01:13:22As VJ, as a model. As an actress. Mashallah, she has a place.
01:13:27I have seen her struggles specially.
01:13:30and then after that, Maavra came. Maavra also has her acting skills, her beauty, her kindness and especially
01:13:39because of the crying acting. Thank you.
01:13:45And as we say, this is the right thing, which I will put on the mark,
01:13:49that when we cry in our industry, there is no such beautiful and beauty. So true. No doubt.
01:13:55It feels very love. But as much as I feel, she feels so much that the other person feels like
01:14:02it.
01:14:03You know, you just start crying with her.

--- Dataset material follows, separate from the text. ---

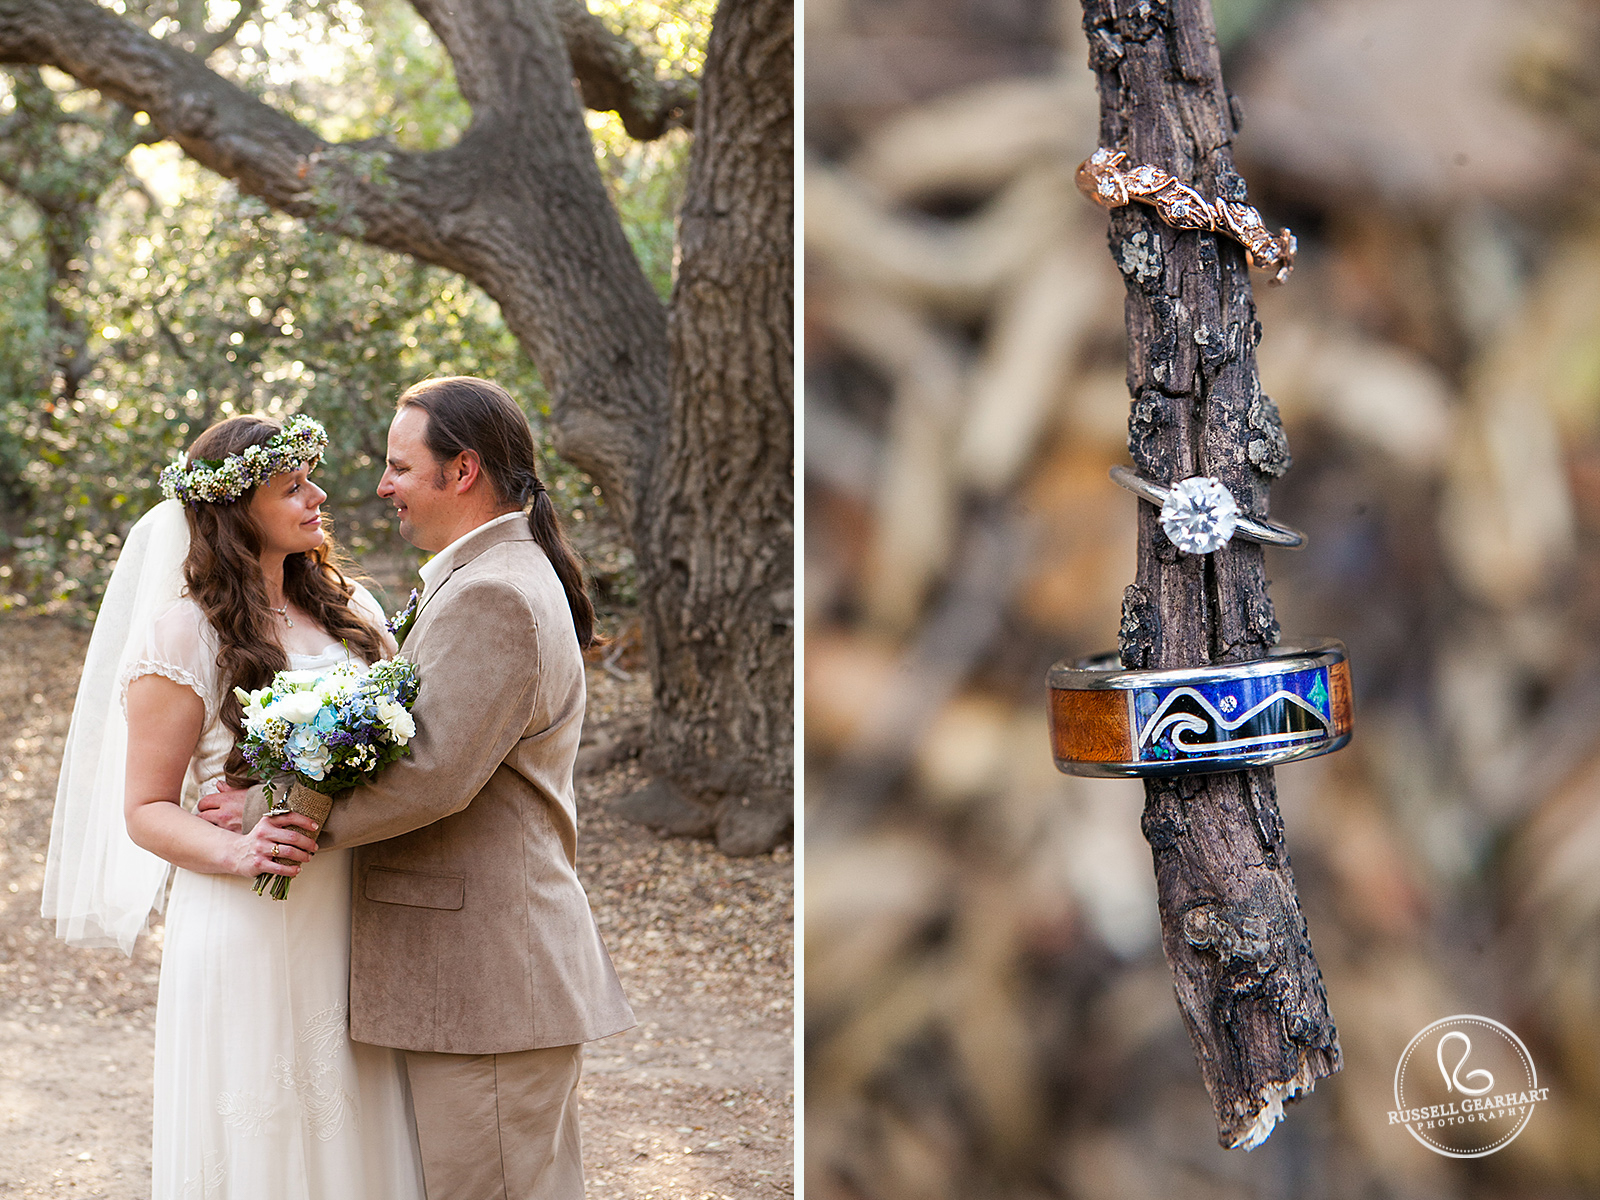 Nature Inspired Wedding Rings – Oak Canyon Wedding  – Russell Gearhart Photography – www.gearhartphoto.com
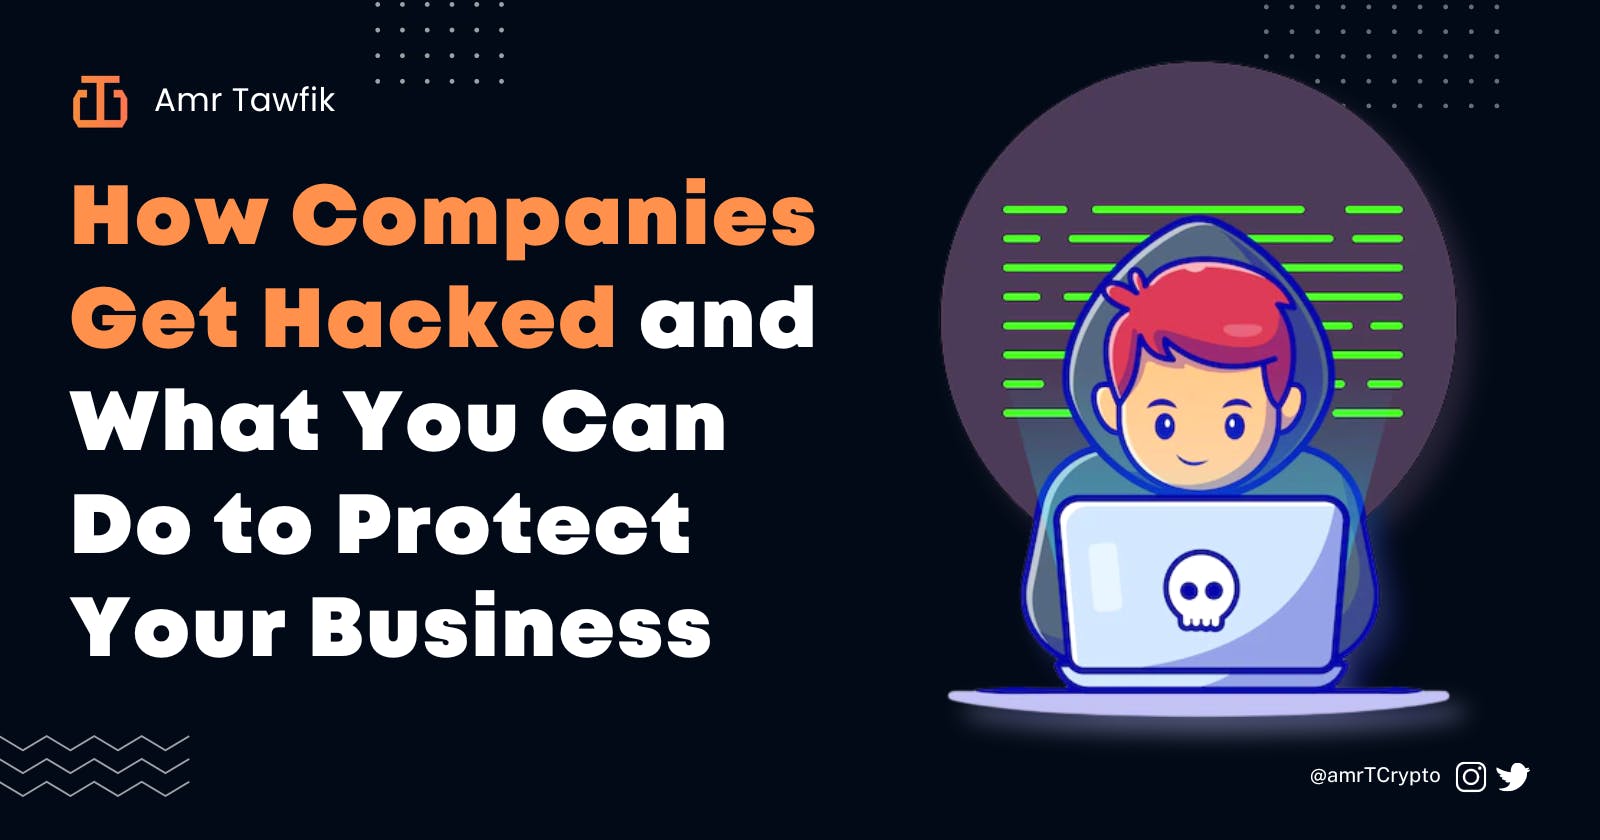 How Companies Get Hacked and What You Can Do to Protect Your Business

01:14:05So yeah, that's one thing.
01:14:06In the beginning, I was frustrated with this compliment.
01:14:08When I said that, Maavra looks really good, I thought that I would say thank you.
01:14:14Because one of the people who are acting, who is crying emotionally,
01:14:22one of the people who are crying is beautiful.
01:14:24Yes.
01:14:26That she has got everyone.
01:14:28Yes, yes.
01:14:28That is the truth.
01:14:30That is the truth.
01:14:32It is the quality.
01:14:35So is this in childhood a lot of crying?
01:14:38Yes.
01:14:38It was crying every time.
01:14:39It was not crying. It was a very very, very loving.
01:14:41It was a very very loving.
01:14:42But I will tell you, this one may be so loving,
01:14:47and then she will cry.
01:14:49Yes.
01:14:50I mean, I and my mother, or anyone in the house,
01:14:52I think we used to be down two times.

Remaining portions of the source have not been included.